Limits of the Optically Active Cortex of the Rabbit. ∗

The approximate coincidence of the optically excitable area with the area striata as defined histologically may be inferred from the work of Kornmuller 1 on the Berger rhythm, and of Bartley and Bishop 2 on responses to stimulation of the optic nerve. We have here examined the limits of optic cortex histologically and physiologically in the same animals. The physiological technique has been described (Bartley and Bishop 2 )., Ten animals were used. In 5 the indifferent electrode was fastened to bone adjoining the exposed cortex; in 5, it was plunged through the cortex to the subjacent white matter. In the animals of both series the local recording electrode was moved across the margins of the optic area, recording consecutively from series of points. Identifying stabs served to locate recorded points in 20 micron frontal sections cut serially from the cortex studied. The serial sections from each brain were used to reconstruct the histo-logical boundaries of the area striata at 10 diameters (Fig. 1A). Upon these reconstructions were entered the physiological data.

The lateral border of the area striata, determined by the histolog-ical criteria of Rose, 3 coincided closely with the functionally defined limit of the optically active area. In our histological preparations a transition zone of 1 to 2 mm. width occurred between the area striata and the neighboring area occipetalis which we could not assign exclusively to either field., The stabs which identified recorded points of minimal response on the lateral margin fell within the his-tological transition zone.

The medial border of the histologically defined area was significantly overlapped by the optically active area in each of the 10 animals used in the experiments. Records taken from serial points on frontal planes between the anatomical center of the area striata and the midline (Fig. IB) demonstrated that the medial margin of the optically active area fell within the transition zone, about 2 mm. wide, between the areas parastriata and retrosplenialis (Figs. 1A and 1C). The area parastriata in the rabbit, which underlies a shallow parasagittal fissure, is, therefore, a part of the optic projection area; and from this and other evidence we conclude that it represents no more than a fissural adaptation of the histological pattern of the area striata.

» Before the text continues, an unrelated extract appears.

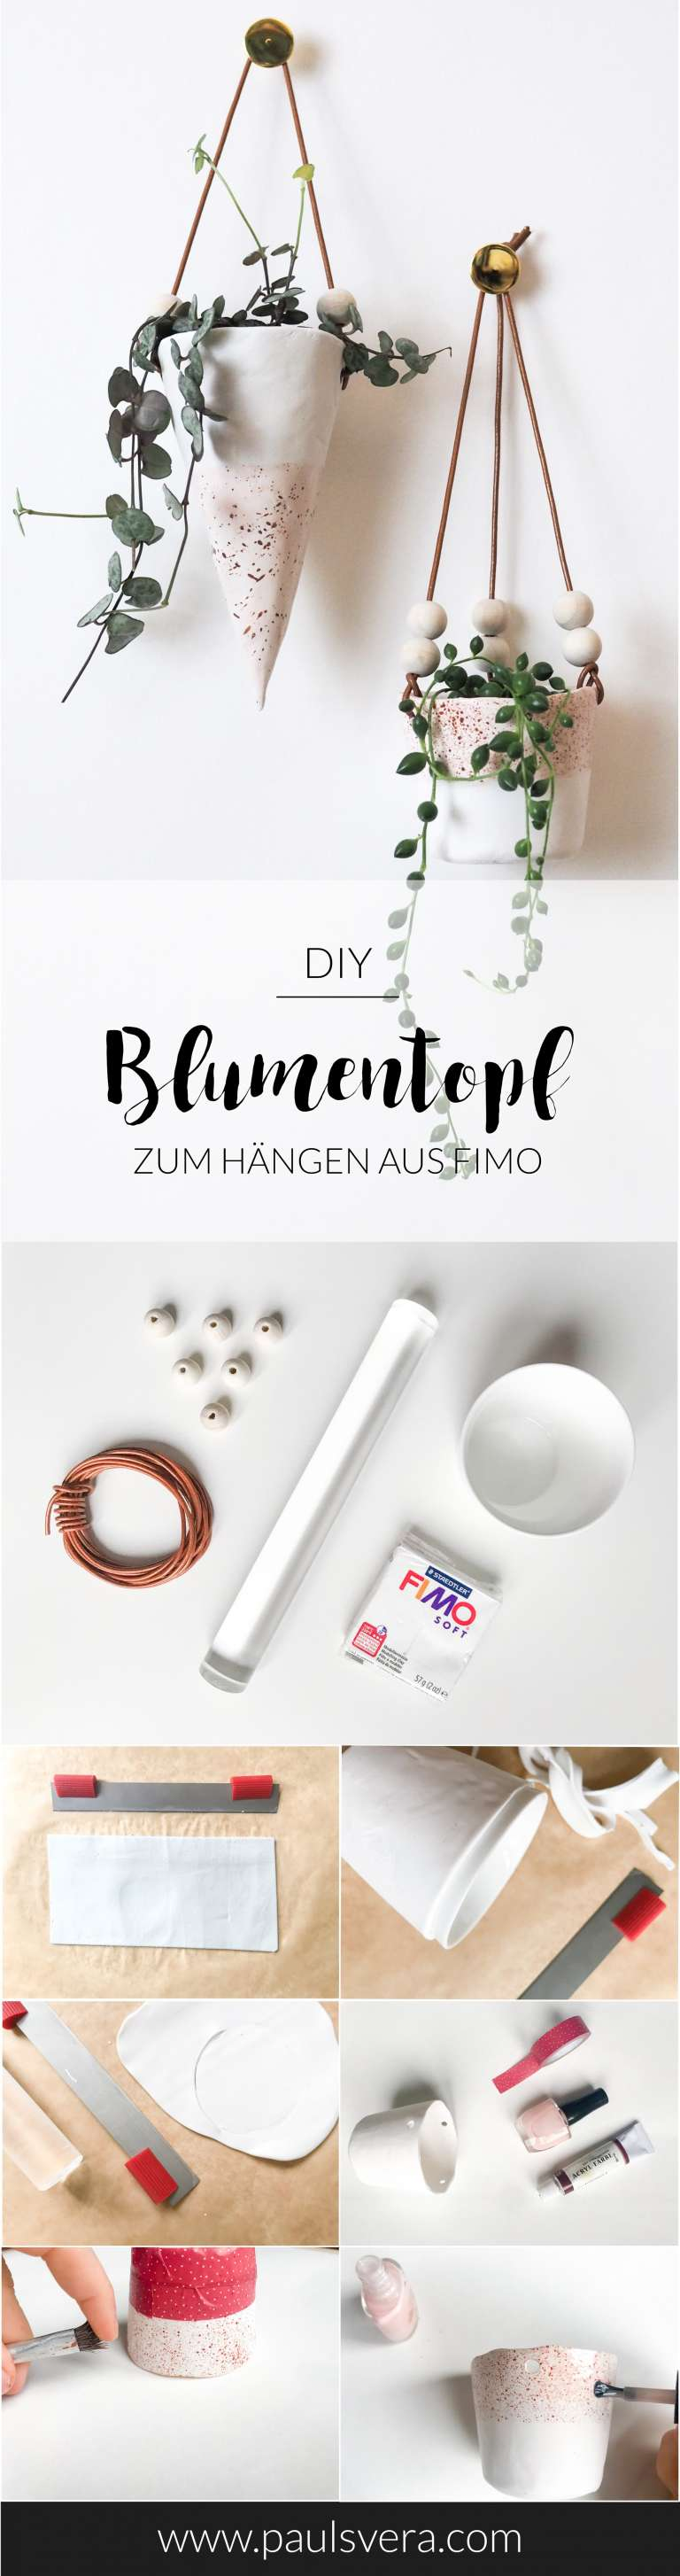 Anleitung-Blumentopf-aus-Fimo-selber-machen-Geschenke-selber-machen-DIY-Deko-DIY-Zuhause-paulsvera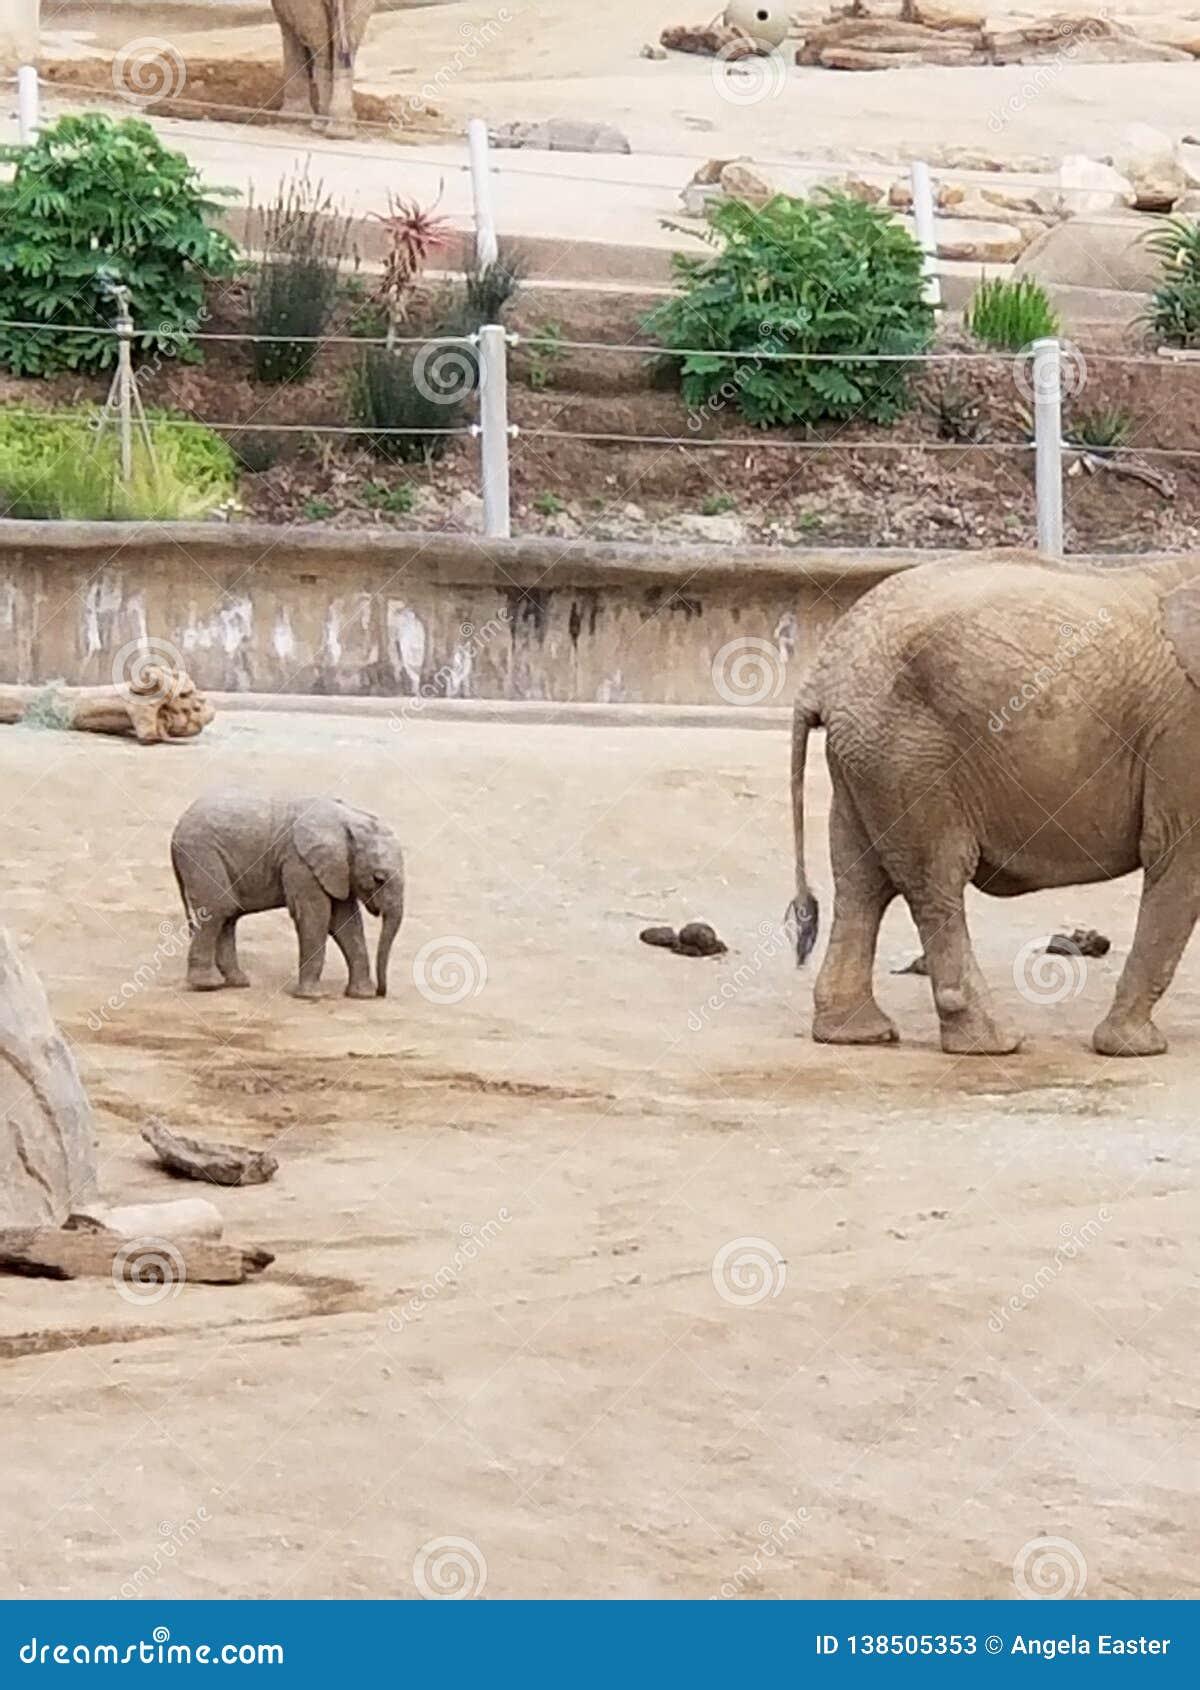 Мама Слон с младенцем

The anterior histological border coincides approximately with the limit of the optically active cortex in this direction.

The posterior margin determined histologically or physiologically falls at the posterior pole of the hemisphere. Due to the rapid curving of the cortex at this point and the consequent disarrangement of the layer pattern in frontal sections, the correlation of histological and elecitrophysiological data was less reliable than on the other borders.

With the complication noted at the medial border, the coincidence between the previously defined architectonic area striata and the field of optically induced cortical response is satisfactory. This appears to justify utilizing the electro-physiological method in defining the boundaries of other projection areas from which induced responses can be recorded following stimulation of the appropriate sensory nerves.